(WHAT NEEDS TO BE DONE):
Word for word, please restate the line that contains "C-3PO: Human Cyborg-Relations" and all lines after it through the end of the material, minus the pictures.

--- GIVEN MATERIAL Enclosed Below ---

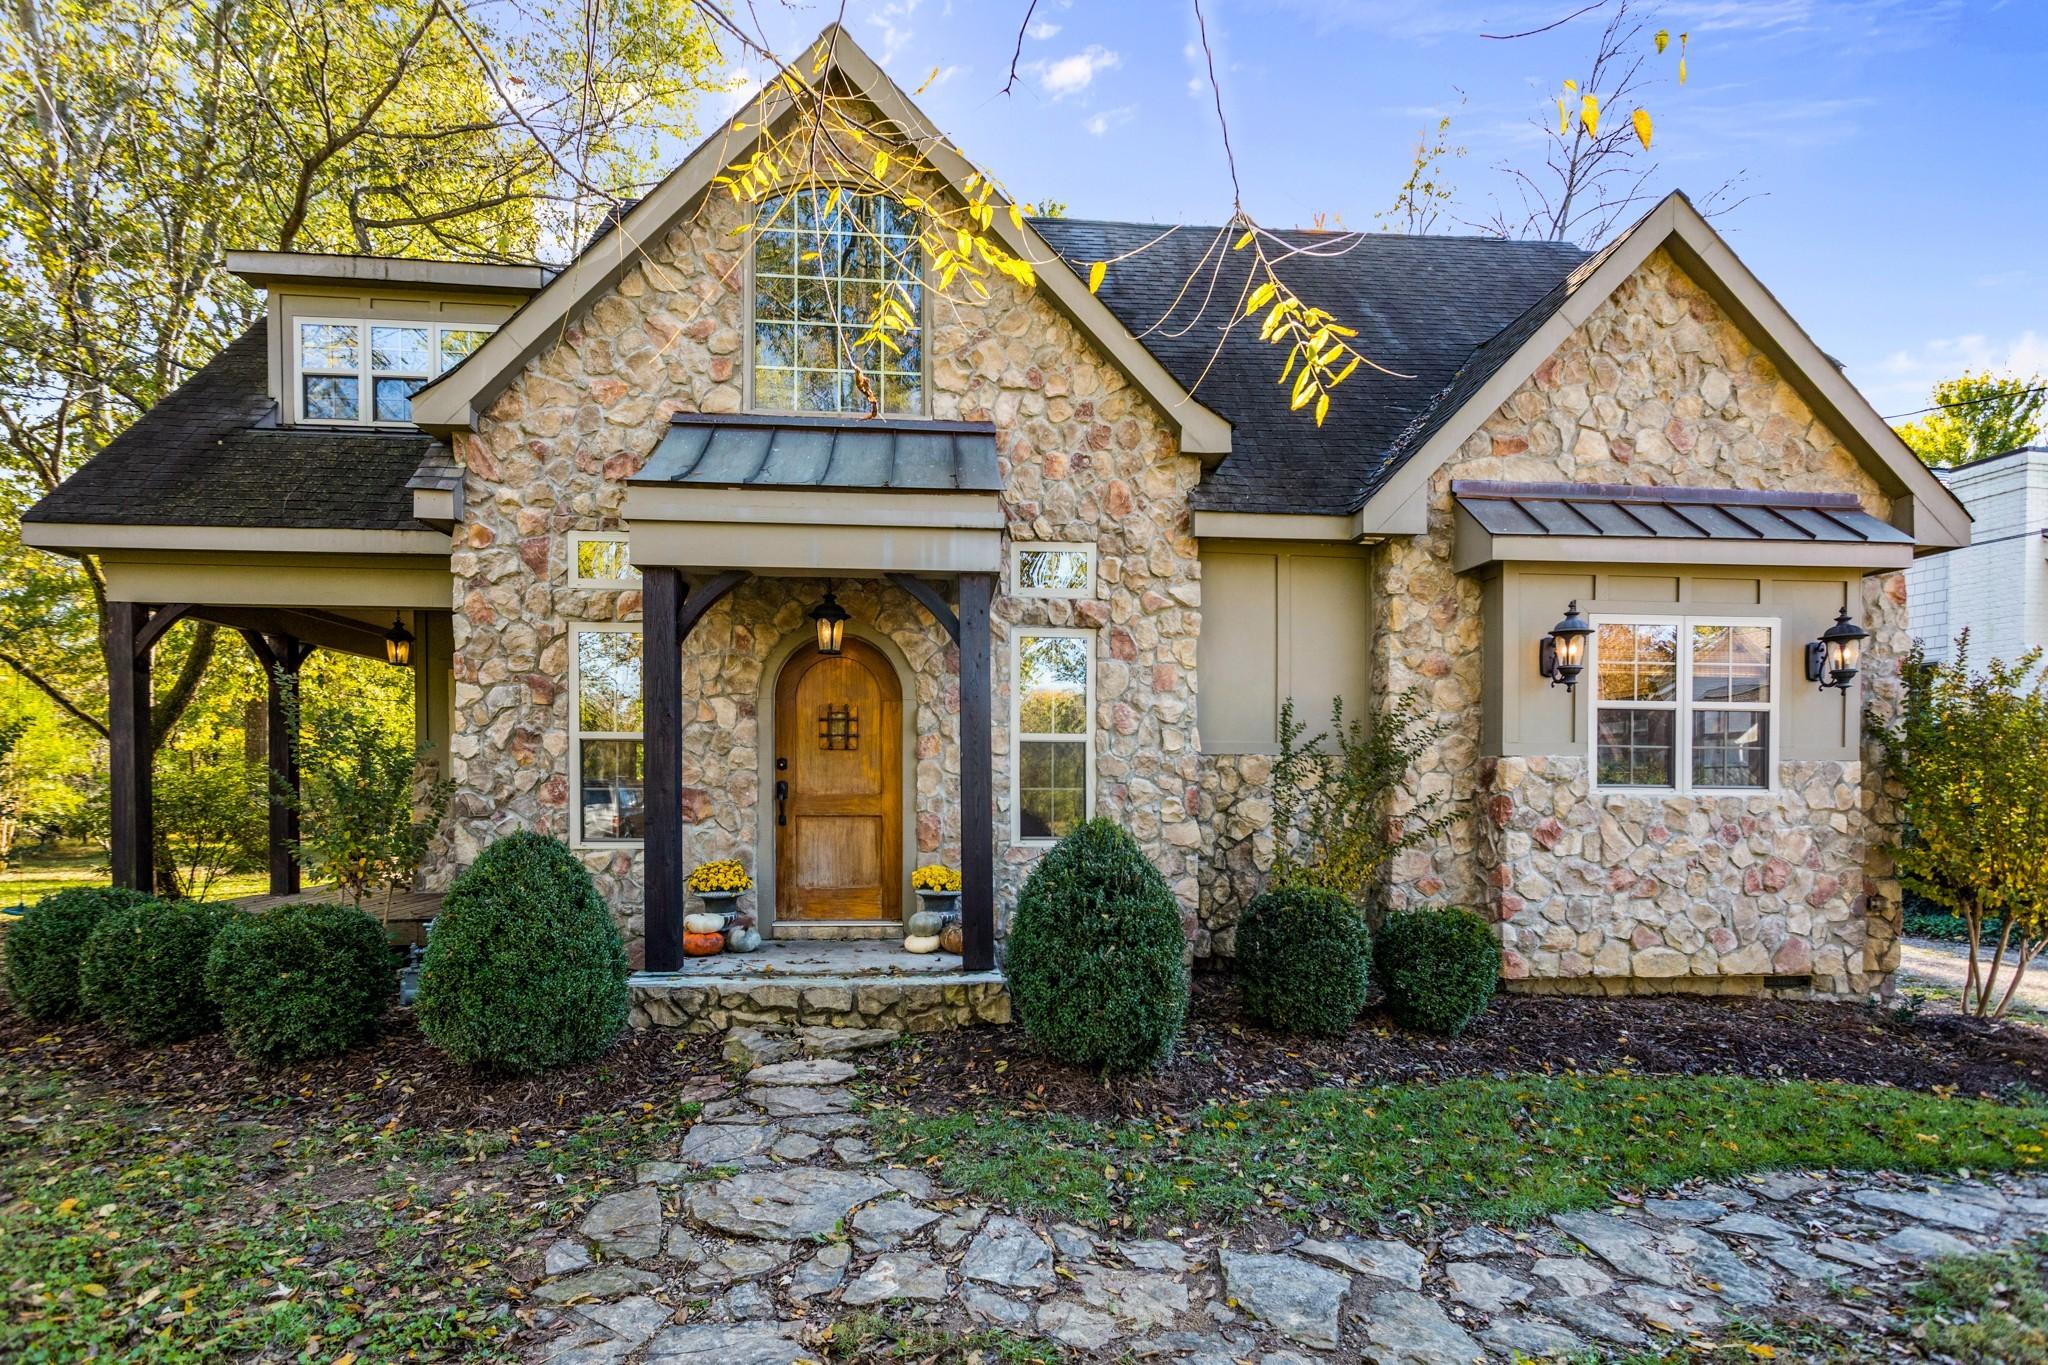 2534 Miami Ave, Nashville, TN 37214 - Nashville, TN real estate listing
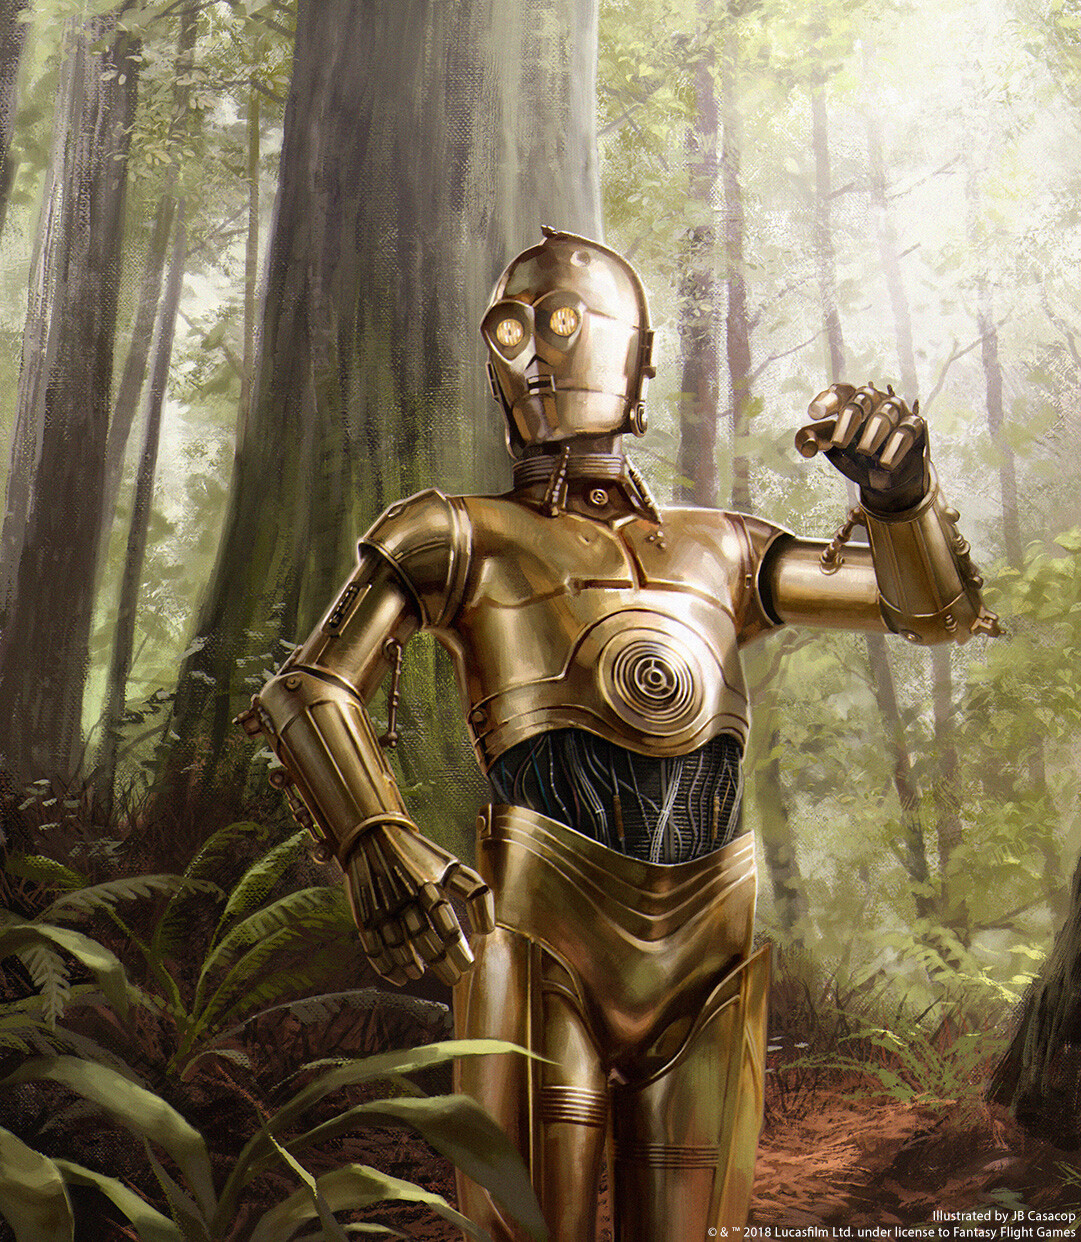 C-3PO: Human Cyborg-Relations
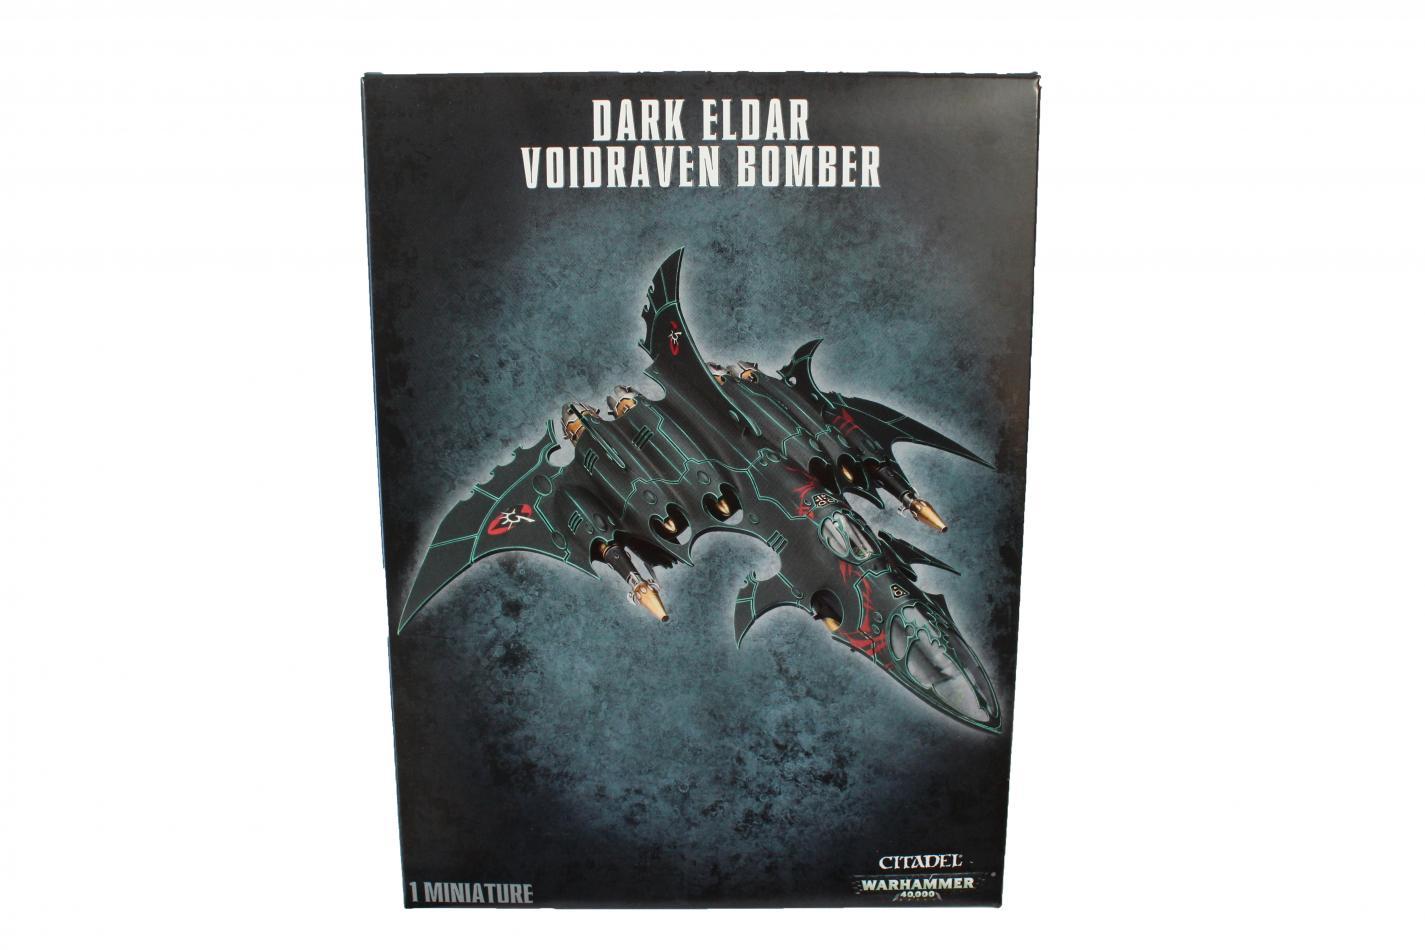 Dark Eldar Void Raven Bomber

--- End of Enclosed GIVEN MATERIAL ---

(ANSWER):
 C-3PO: Human Cyborg-Relations
 Dark Eldar Void Raven Bomber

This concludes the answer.